One regret during repeating the experiment, did not save the notebool, lost the best parameter information and just got submission score result on the board. The below screen shot was from the first approach using a single dropout layer followed by one linear layer.

![Image](https://github.com/user-attachments/assets/72b3c6fc-ce7f-4c78-a677-9011a1359c5a)

# 14. Conclusion

- The better performance of the first experiment (with simpler setting as I mentioned initially) suggests that a simpler model was able to generalize better and avoid overfitting. The second experiment, with more complex layers, likely suffered from difficulties in training or overfitting. This highlights an important lesson: increasing model complexity doesn’t always lead to better performance. Choosing the right model complexity and regularization techniques is key to optimizing performance.
  
- Throughout our exploration of hyperparameter tuning, gained a deeper understanding of the critical role that learning rate adjustments play, particularly in the context of the BERT model. Our findings revealed that BERT exhibits a unique sensitivity to learning rate changes, achieving optimal performance with an exceptionally low learning rate. This insight underscores the necessity of meticulous tuning, as it can significantly influence the model's ability to adapt and perform effectively across various training phases.
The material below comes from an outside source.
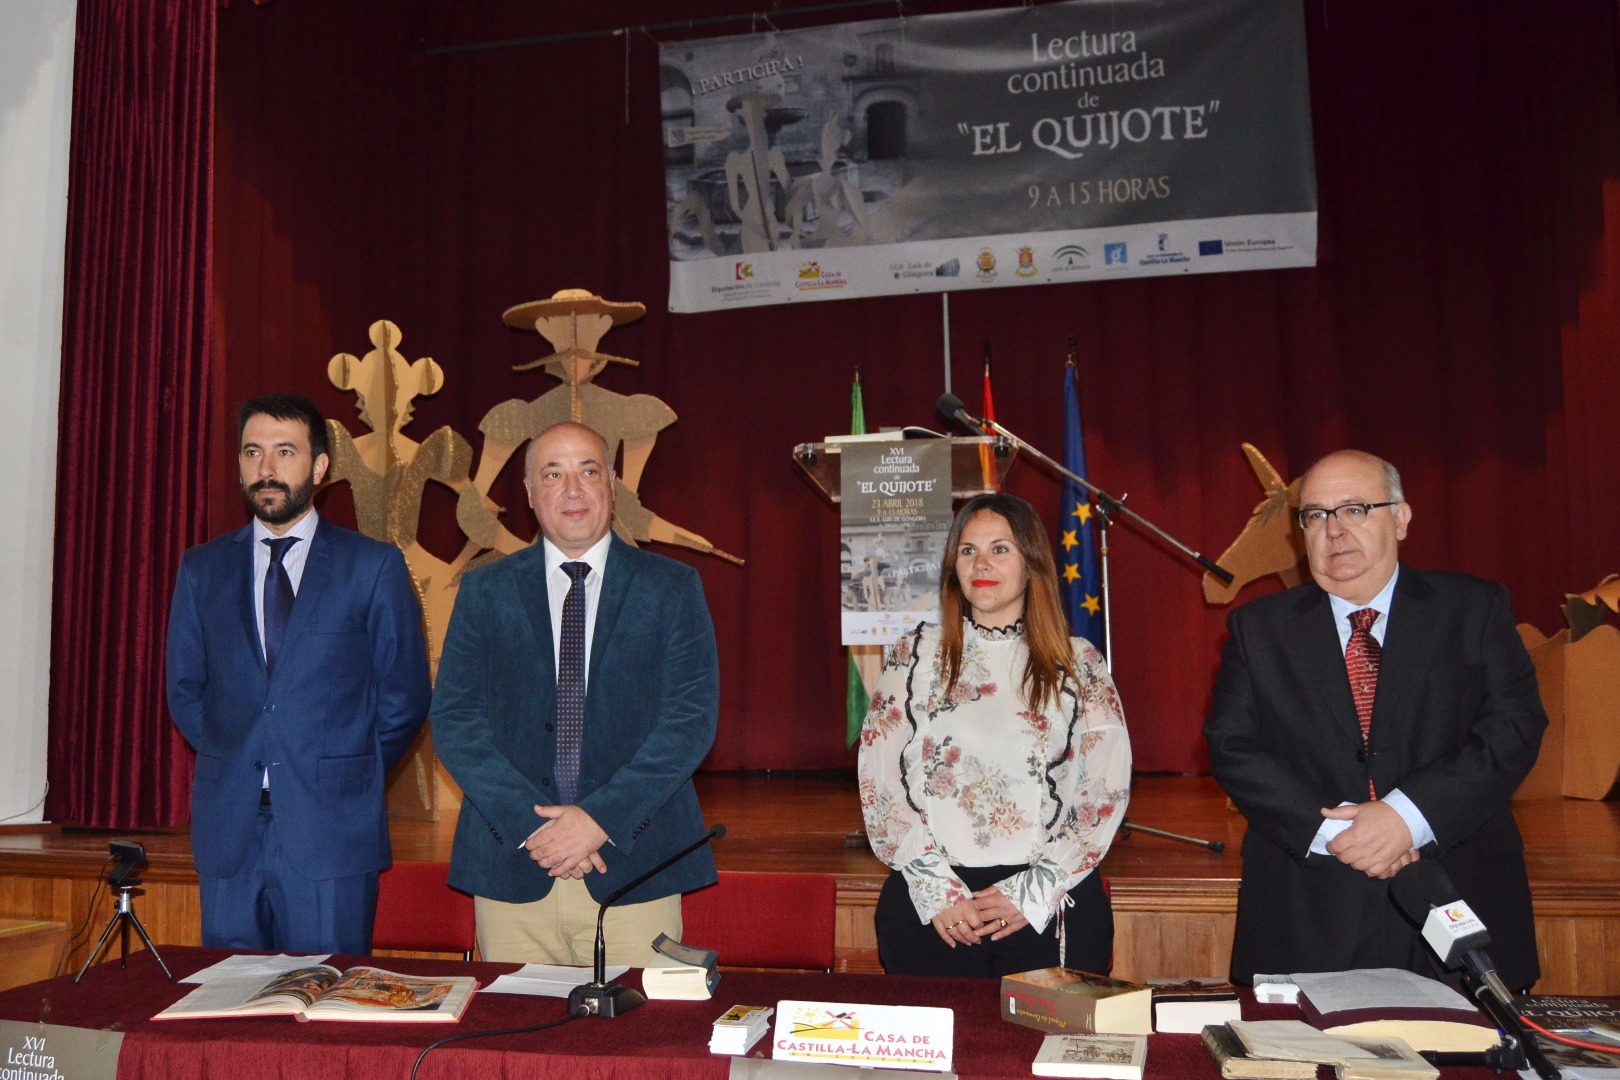 El presidente de la Diputación se suma a la celebración del Día del Libro iniciando la lectura continuada de El Quijote.

- In our experimentation, we also attempted to enhance the BERT architecture by adding additional layers to improve its capacity for learning complex patterns. However, despite all the efforts, the performance metrics did not meet our expectations. This prompted a reevaluation of our approach, leading us to consider RoBERTa as a promising alternative. Known for its robust training methodology and improved performance on various benchmarks, RoBERTa presents an exciting opportunity to further explore the capabilities of transformer-based models.

- As we transition to RoBERTa, we remain committed to the principles of effective hyperparameter tuning, including the integration of dynamic learning rate schedules that adapt based on performance fluctuations. This approach will not only help us refine our models but also ensure that we maximize their potential in understanding and generating human-like text.

- In summary, our exploration of BERT and the subsequent decision to pivot toward RoBERTa highlights the iterative nature of model development in machine learning. Each step, whether a success or a setback, contributes to our understanding and ultimately guides us toward achieving superior performance in our natural language processing endeavors. As we continue this journey, we are excited about the possibilities that lie ahead with RoBERTa and the insights we will gain through further experimentation and tuning.